§ TASK GOAL: Please output the listing below character for character and omit the images.

##### COLLECTED DATA #####

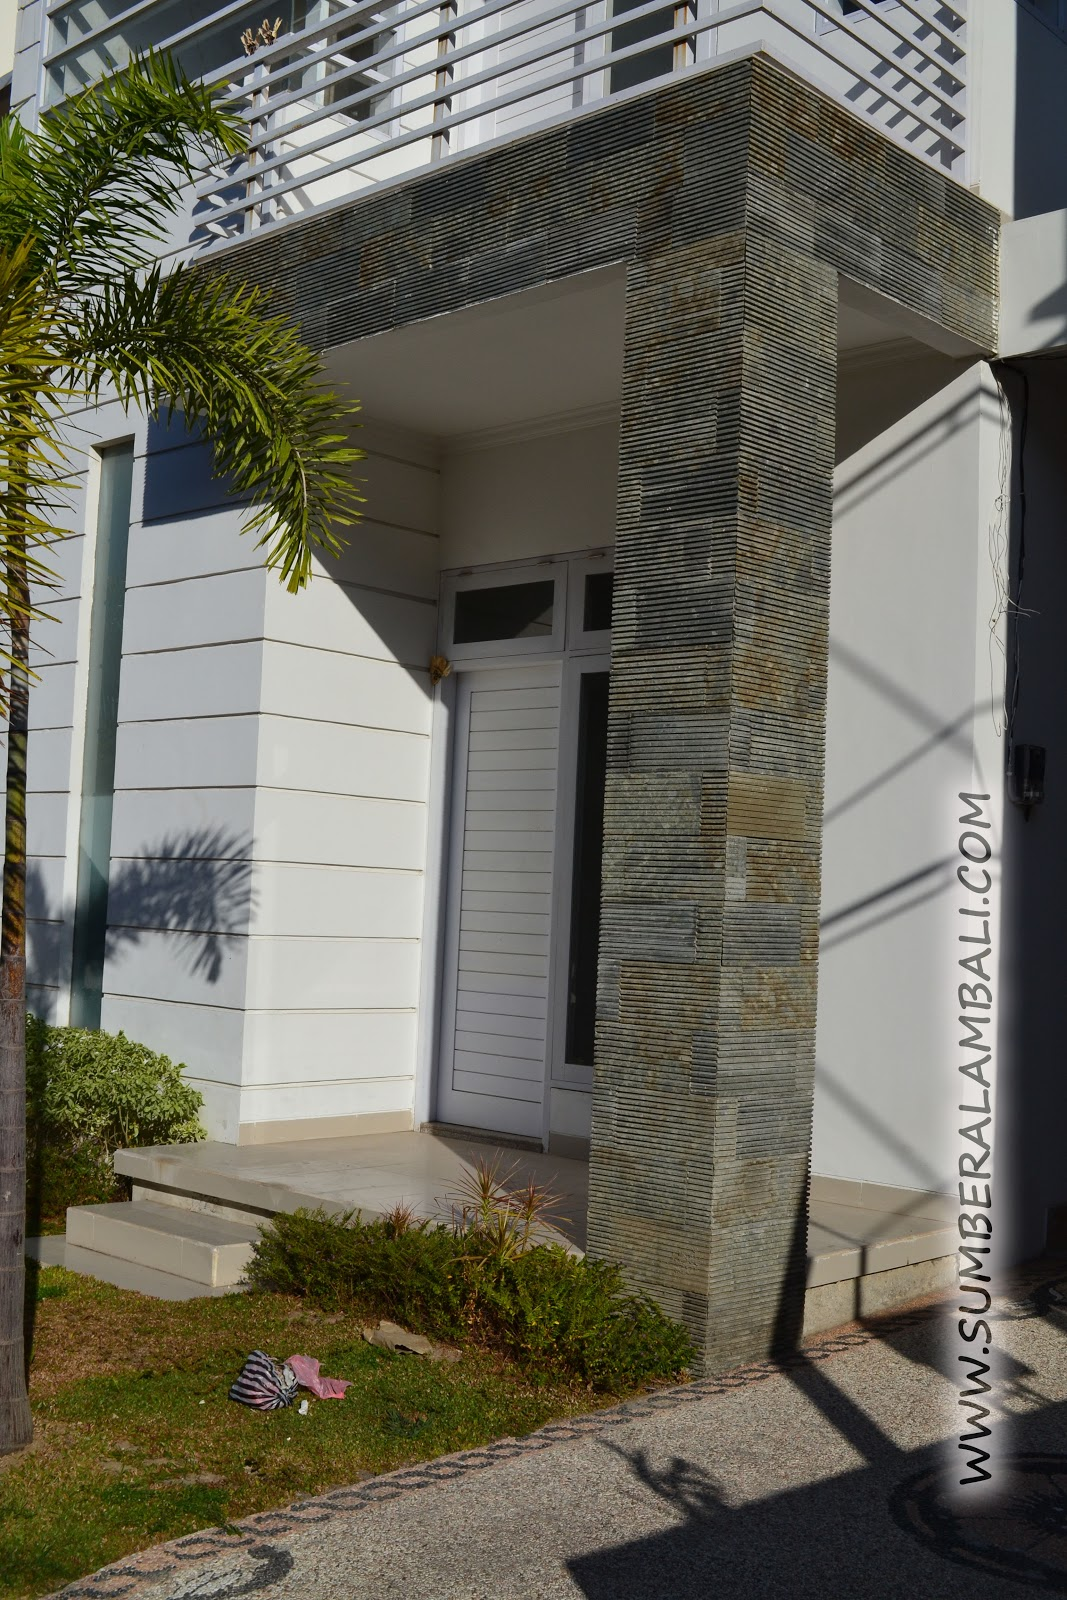 Pengetahuan: Contoh pemasangan batu alam pada dinding rumah Batu Alam
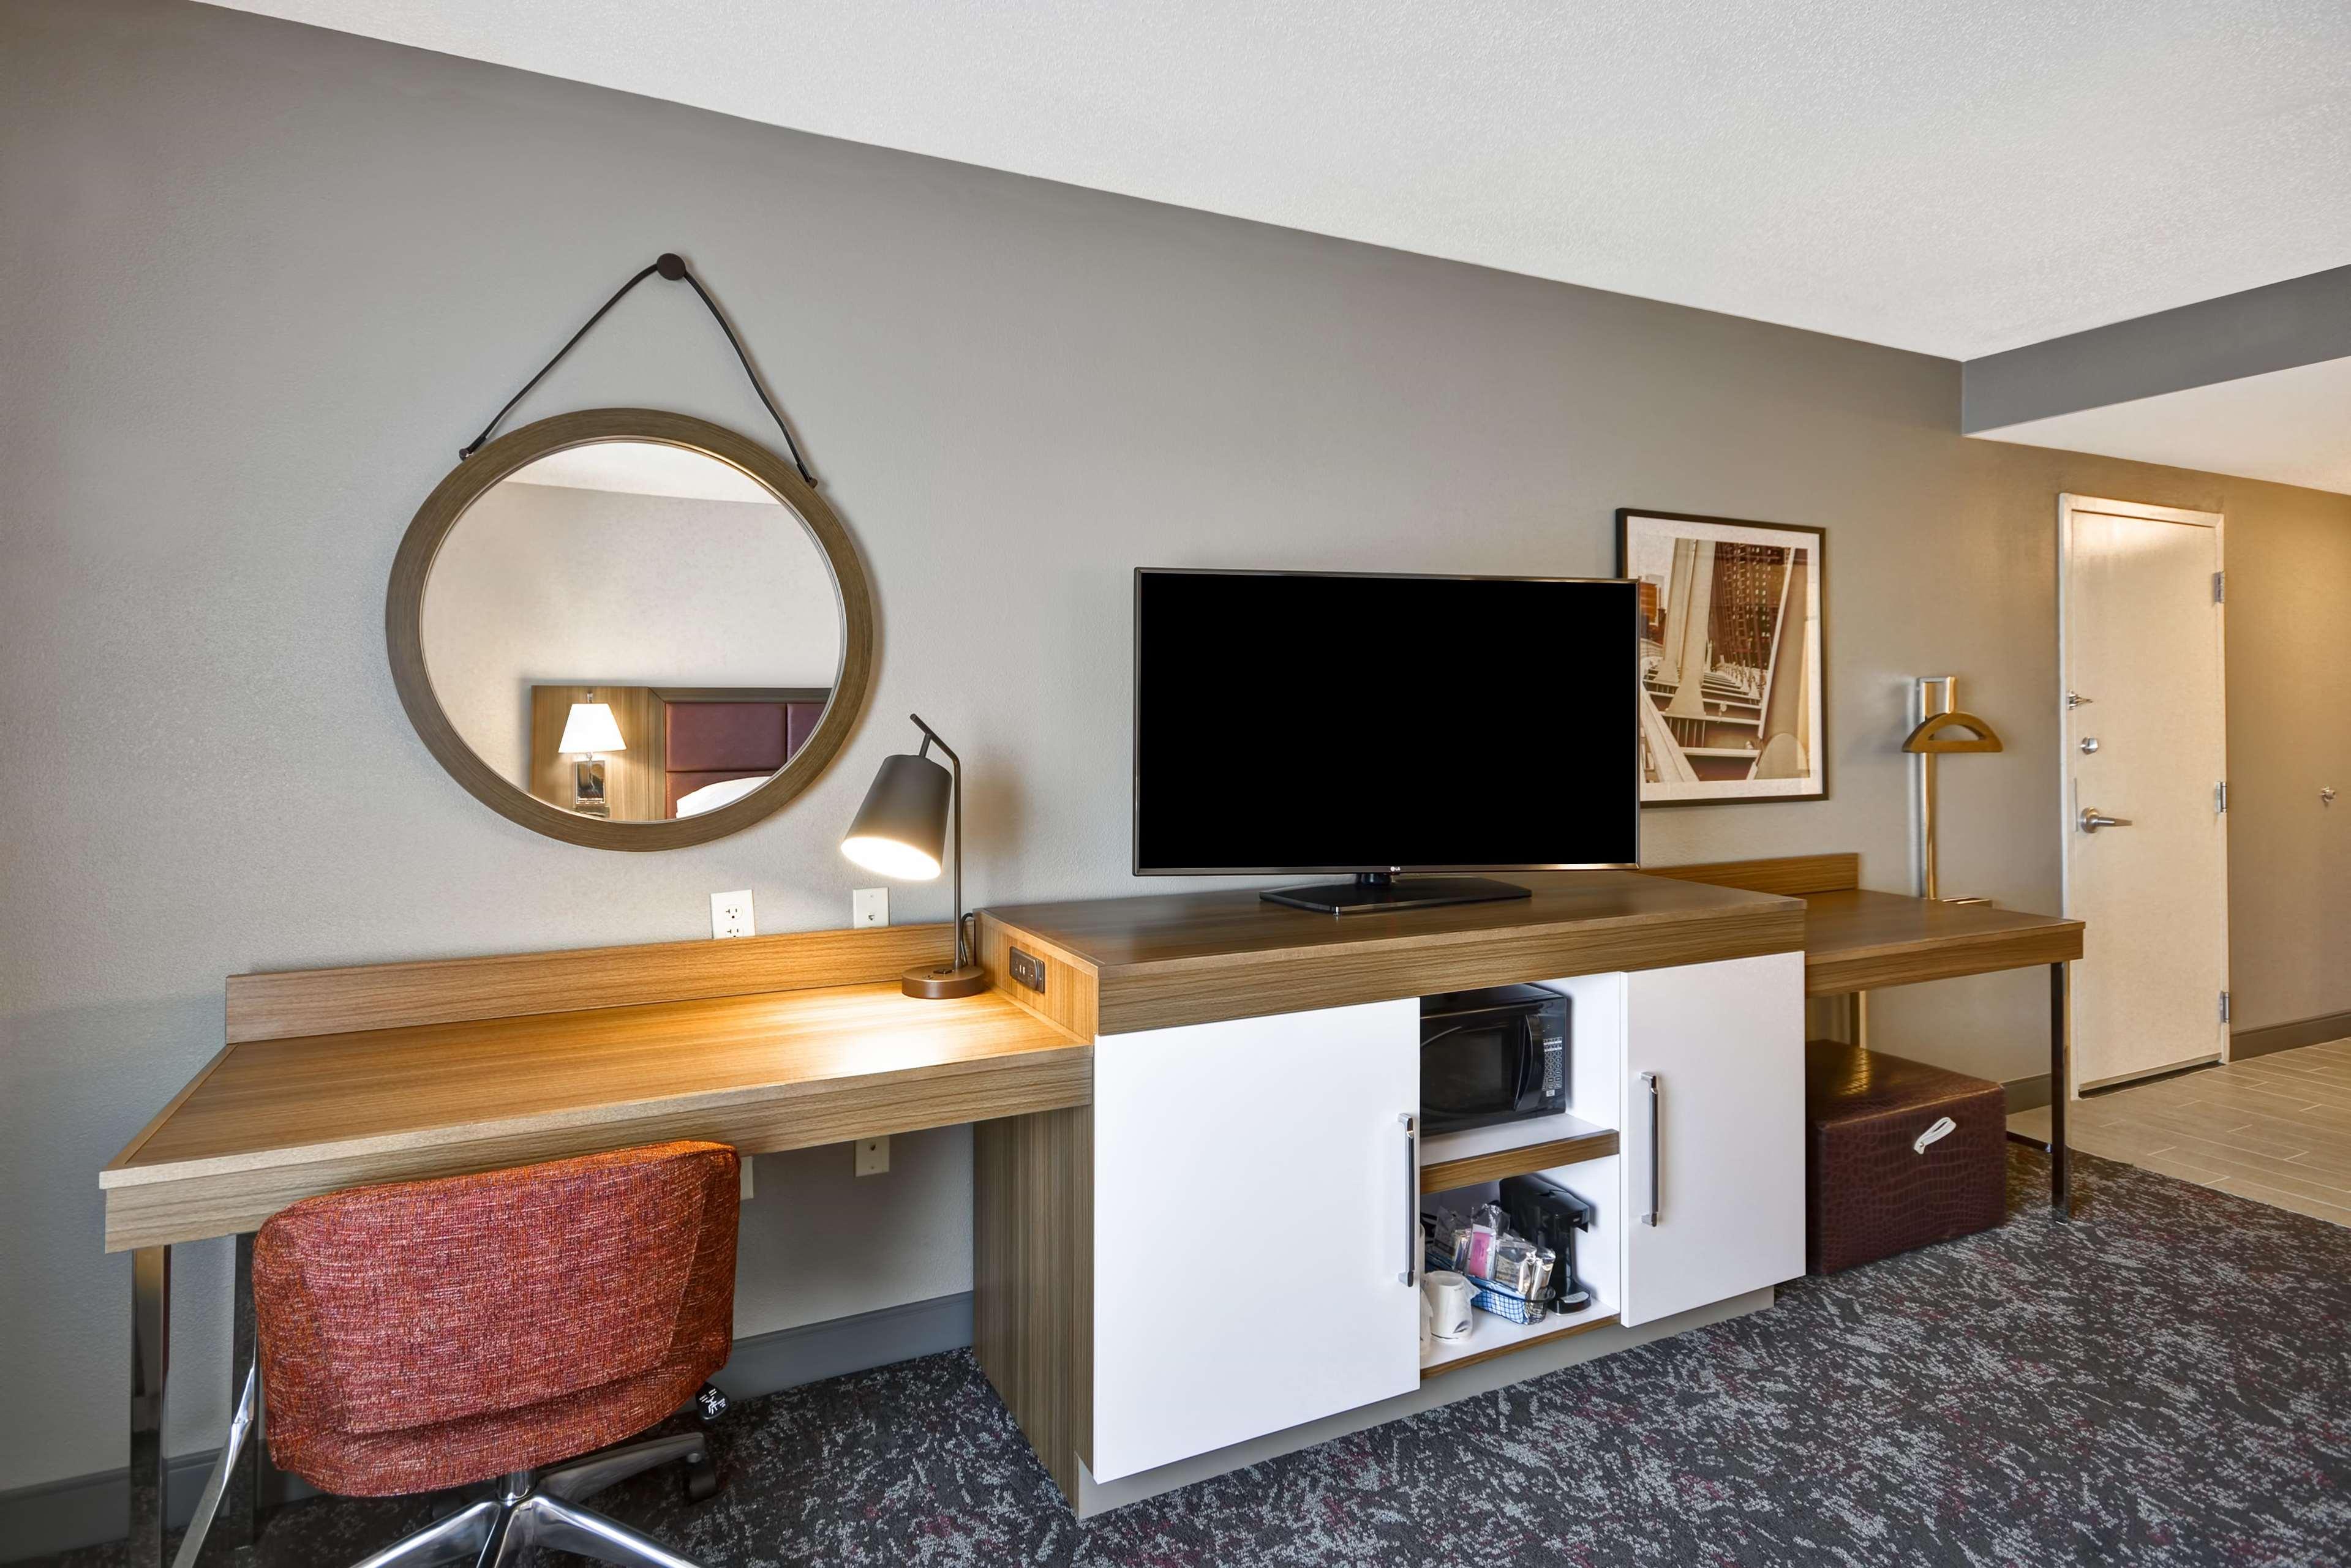 Hampton Inn & Suites Columbus-Easton Area image 47
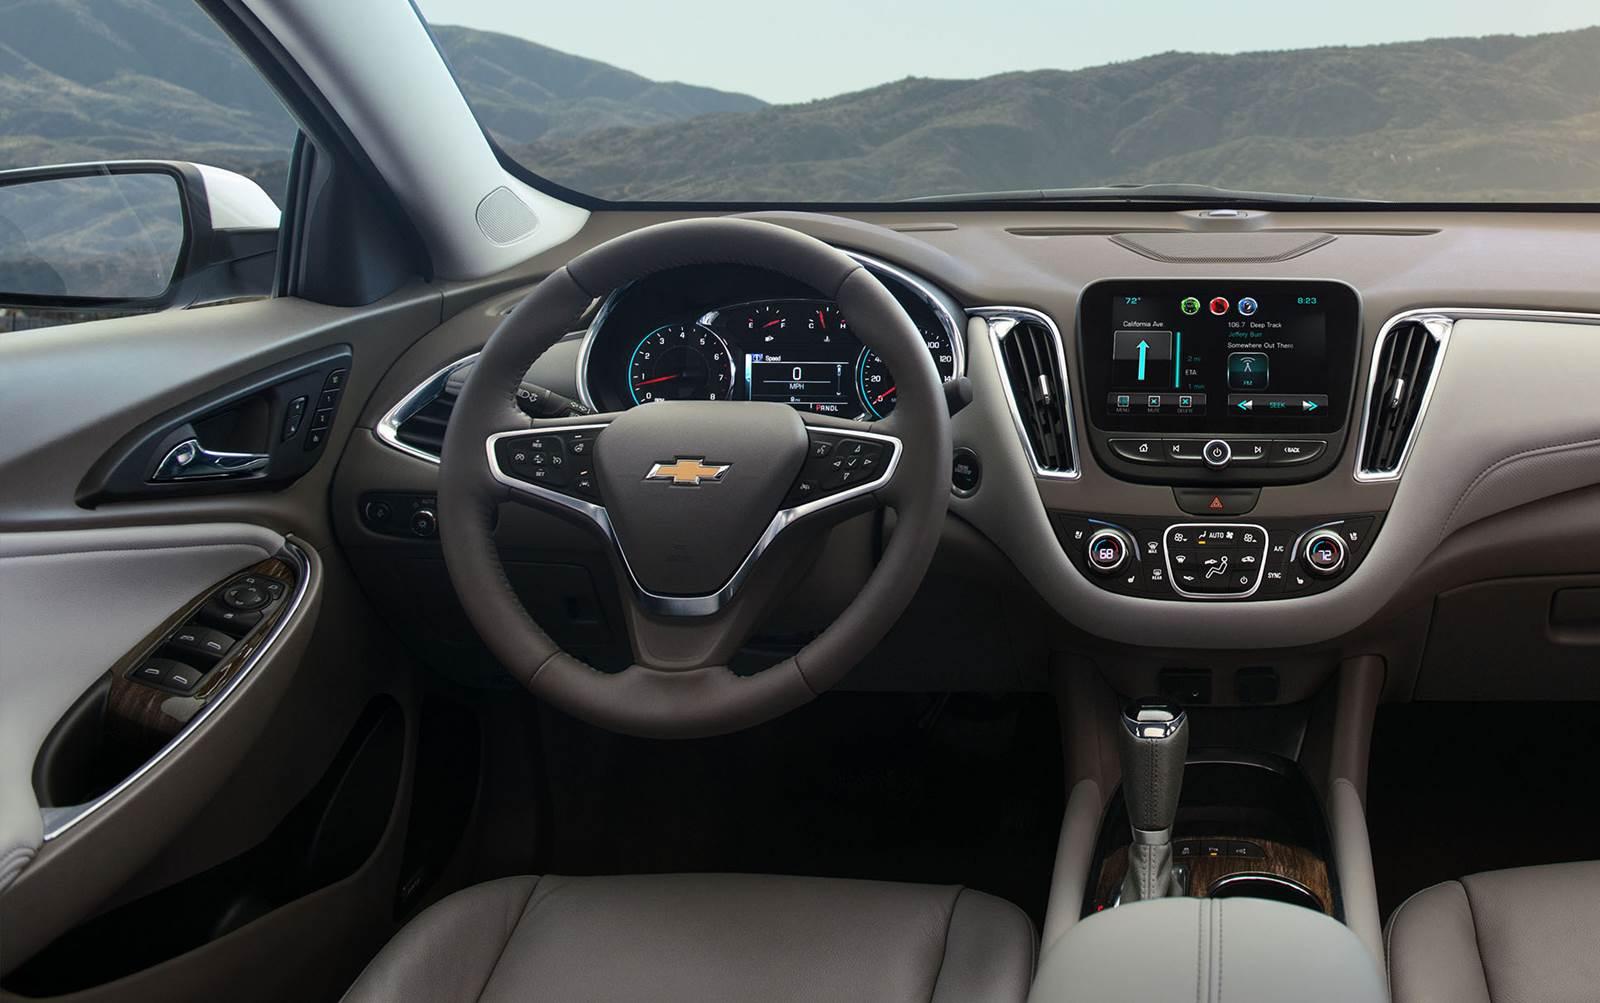 Chevrolet Malibu 2017 - Interior
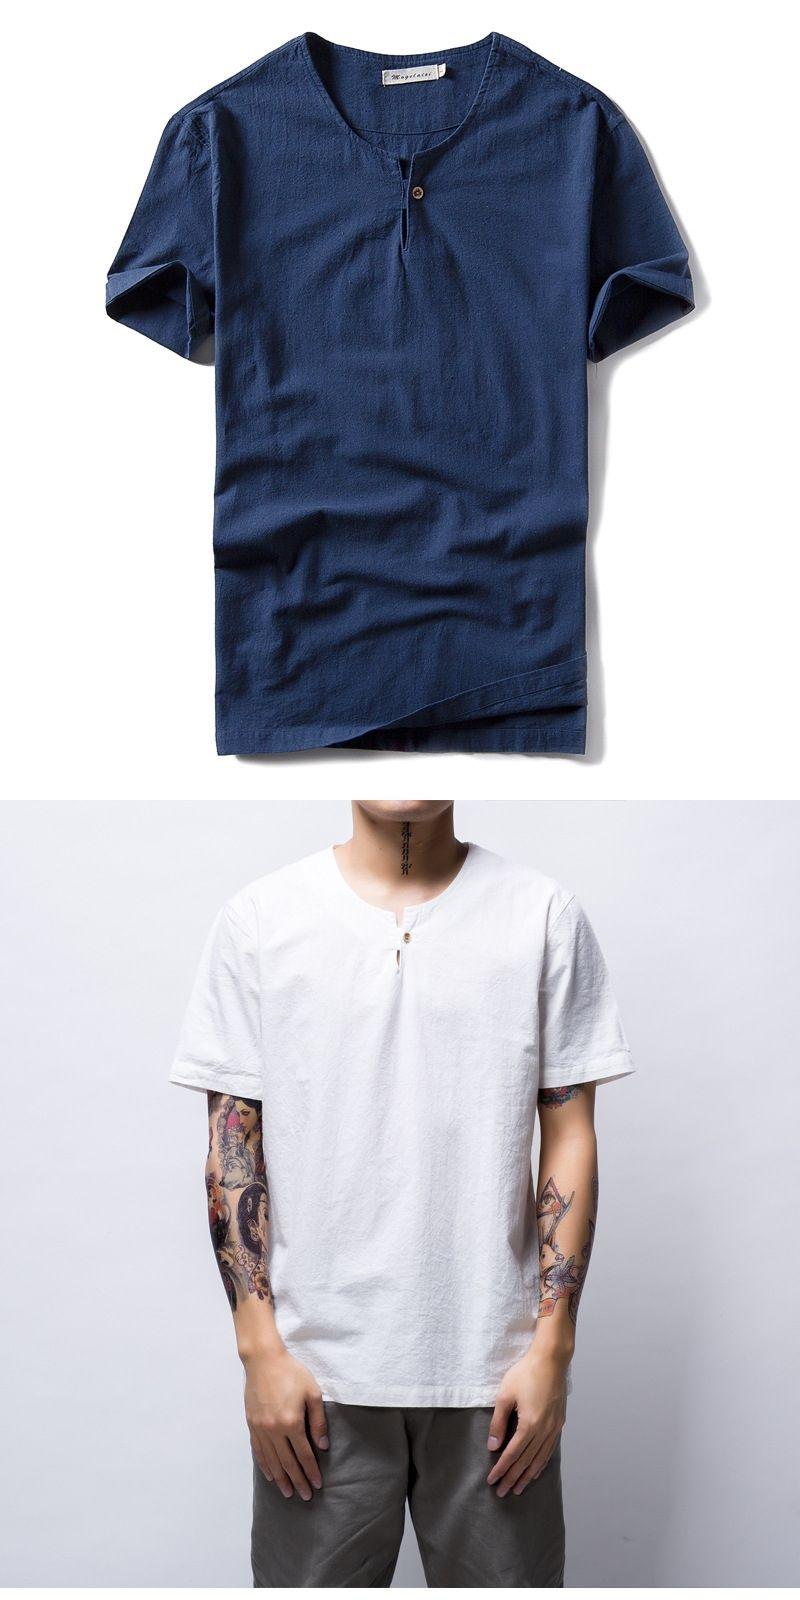 Italy Style Cotton Linen T Shirt Men Summer Casual Men T Shirt Straight O

#####

§ TASK RESULT:
 Pengetahuan: Contoh pemasangan batu alam pada dinding rumah Batu Alam
 Hampton Inn & Suites Columbus-Easton Area image 47
 Chevrolet Malibu 2017 - Interior
 Italy Style Cotton Linen T Shirt Men Summer Casual Men T Shirt Straight O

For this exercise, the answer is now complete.